The admission of this testimony was in accordance with the long established practice of the Courts in this State and Massachusetts, based upon principles then deemed to be sound and just, and we perceive no reason now why the practice should be changed.
IY. Evidence had been adduced in the case, by the defendants, for the purpose of showing that the supplies furnished by the plaintiffs, the first of May, 1861, were collusively furnished.

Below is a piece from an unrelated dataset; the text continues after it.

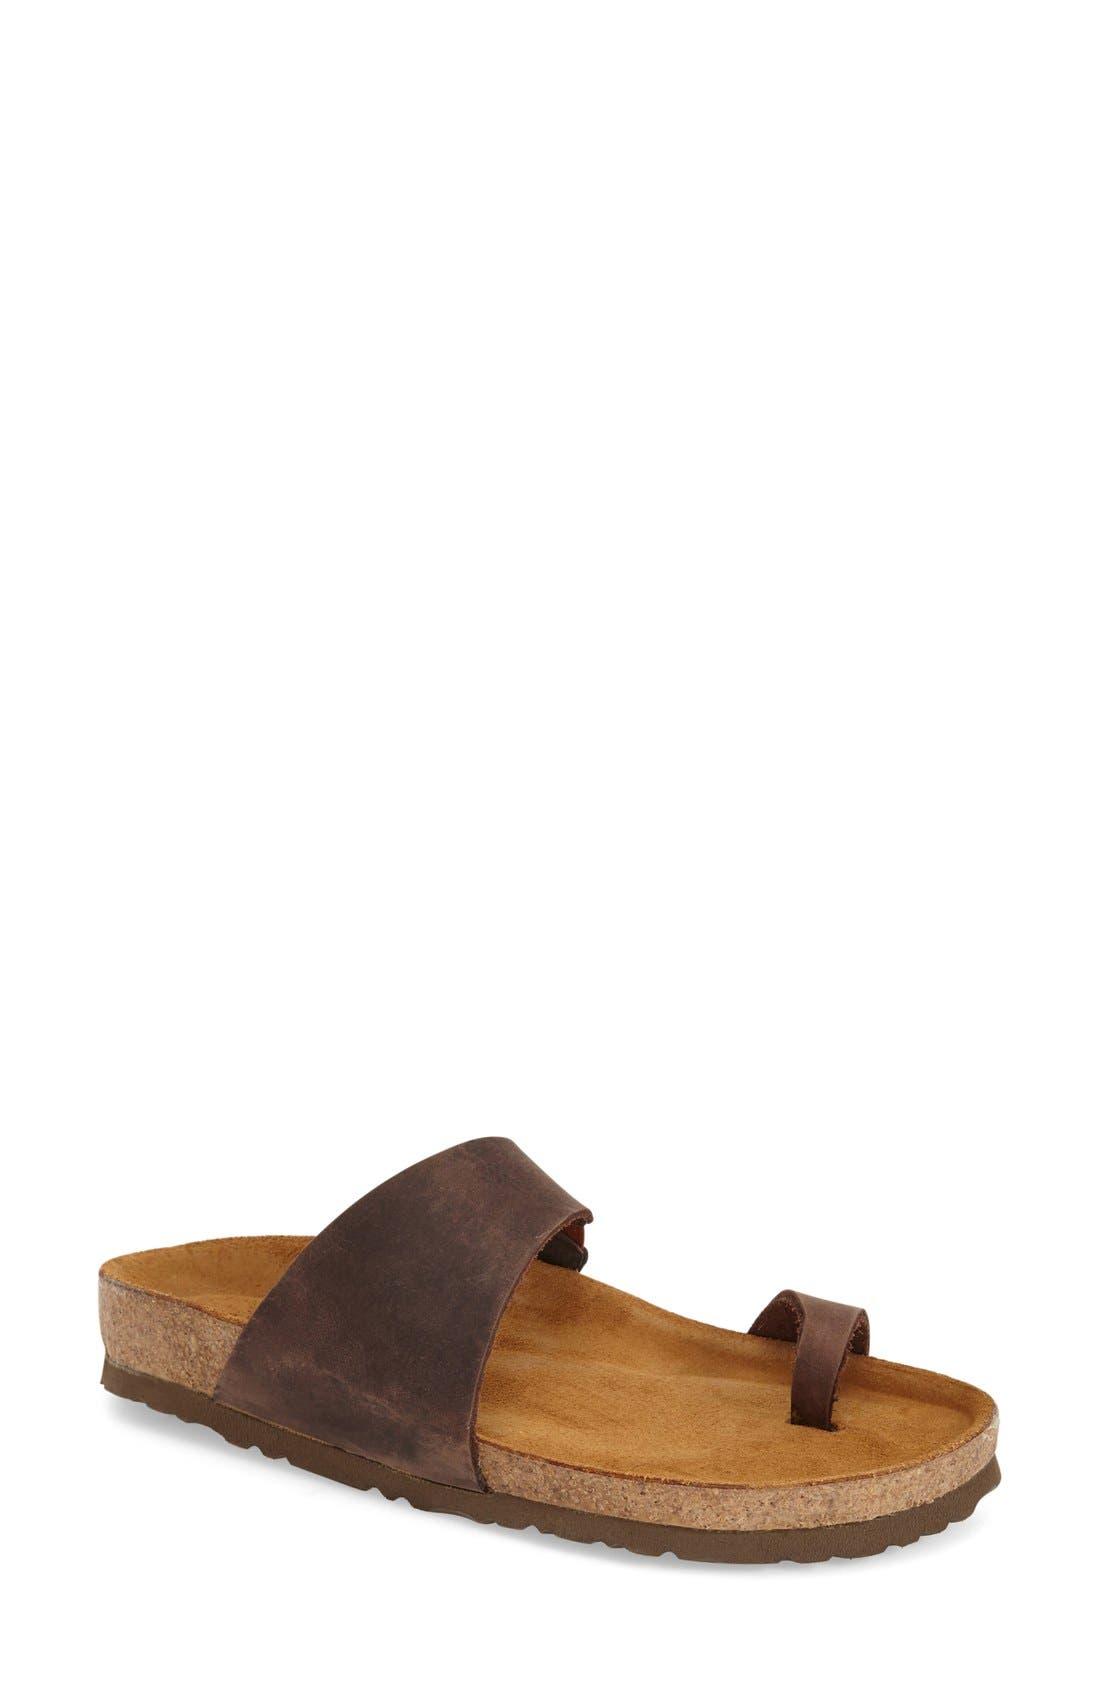 'Santa Fe' Sandal,                         Main,                         color, 200

The Court instructed the jury "that, as the plaintiffs’ own testimony showed that the alleged paupers had had their home in New Portland since May 18, 1856, the burden of proof was on the plaintiffs to show that, before the lapse of five years from that time, they had become destitute and in need of relief, and had received necessary supplies as paupers, otherwise their settlement would be in New Portland; that, if the plaintiffs had satisfied the jury of these facts and that such supplies .were furnished and received, the presumption was, in the absence of evidence to the contrary, that the transaction was in good faith, and that, if the defendants claimed that there was bad faith on the part of the overseers of New Portland, and that the supplies were furnished collusively, and by the contrivance of the overseers, to prevent their gaining a settlement in New Portland, the burden of proof was upon them (the defendantp) to show it.”
The defendants contend that this instruction was erroneous, and say "that good faith is one of the elements necessary for the plaintiffs to show on their part.”
We do not understand the instruction given to be in conflict with this proposition of the defendants.
The instruction required the plaintiffs to prove, as matter *178of fact, that, before the lapse of five years from May 18, 1861, the alleged paupers had become destitute and in need of relief, and had received necessary supplies as paupers.
The legal proposition there stated was, that these facts being proved, the presumptions of law attending them were such, that it afforded sufficient evidence of good faith, in the absence of evidence to the contrary.
The fact that good faith must appear, was not denied, but the Court asserted what would afford sufficient proof of it until the contrary appeared.
In this we think the presiding Judge was clearly right.
Fraud, wrong and covin are never presumed. All men are presumed to be innocent of such practices until the contrary appears.
The law presumes that official persons, in the performance of their duties conduct legally, until there is proof to the contrary. Treat v. Orono, 26 Maine, 217.
Exceptions overruled.
Appleton, C. J., Cutting, Walton, Dickerson and ' Barrows, JJ., concurred.